Degree of composition of highly nonlinear functions and applications to higher order differential cryptanalysis.

*(English)*Zbl 1056.94512
Knudsen, Lars (ed.), Advances in cryptology - EUROCRYPT 2002. 21st international conference on the theory and applications of cryptographic techniques, Amsterdam, the Netherlands, April 28 – May 2, 2002. Proceedings. Berlin: Springer (ISBN 3-540-43553-0). Lect. Notes Comput. Sci. 2332, 518-533 (2002).

Summary: To improve the security of iterated block ciphers, the resistance against linear cryptanalysis has been formulated in terms of provable security, which suggests the use of highly nonlinear functions as round functions.
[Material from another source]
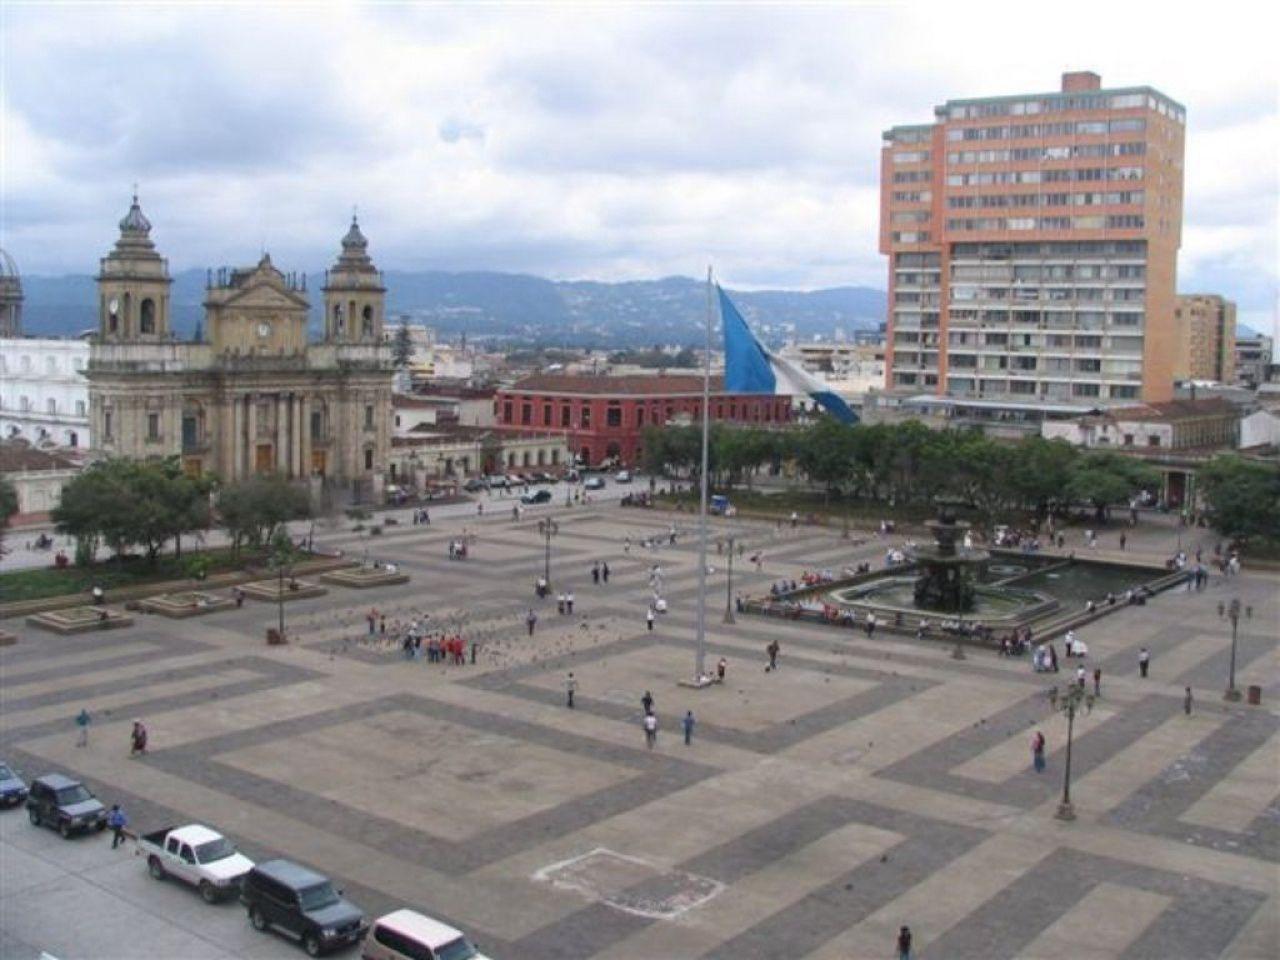 El laberitno esta diseñado en base al Parque Central en la ciudad de Guatemala, te dejo una foto

Here, we show that some properties of such functions enable one to find a new upper bound for the degree of the product of its Boolean components. Such an improvement holds when all values occurring in the Walsh spectrum of the round function are divisible by a high power of 2. This result leads to a higher order differential attack on any 5-round Feistel ciphers using an almost bent substitution function. We also show that the use of such a function is precisely the origin of the weakness of a reduced version of MISTY1 reported by H. Tanaka, K. Hisamatsu, and T. Kaneko [Lect. Notes Comput. Sci. 1719, 221–230 (1999; Zbl 0979.94042)] and by S. Babbage and L. Frisch [Lect. Notes Comput. Sci. 2015, 22–36 (2001; Zbl 0977.94020)].

For the entire collection see [Zbl 0984.00084].

For the entire collection see [Zbl 0984.00084].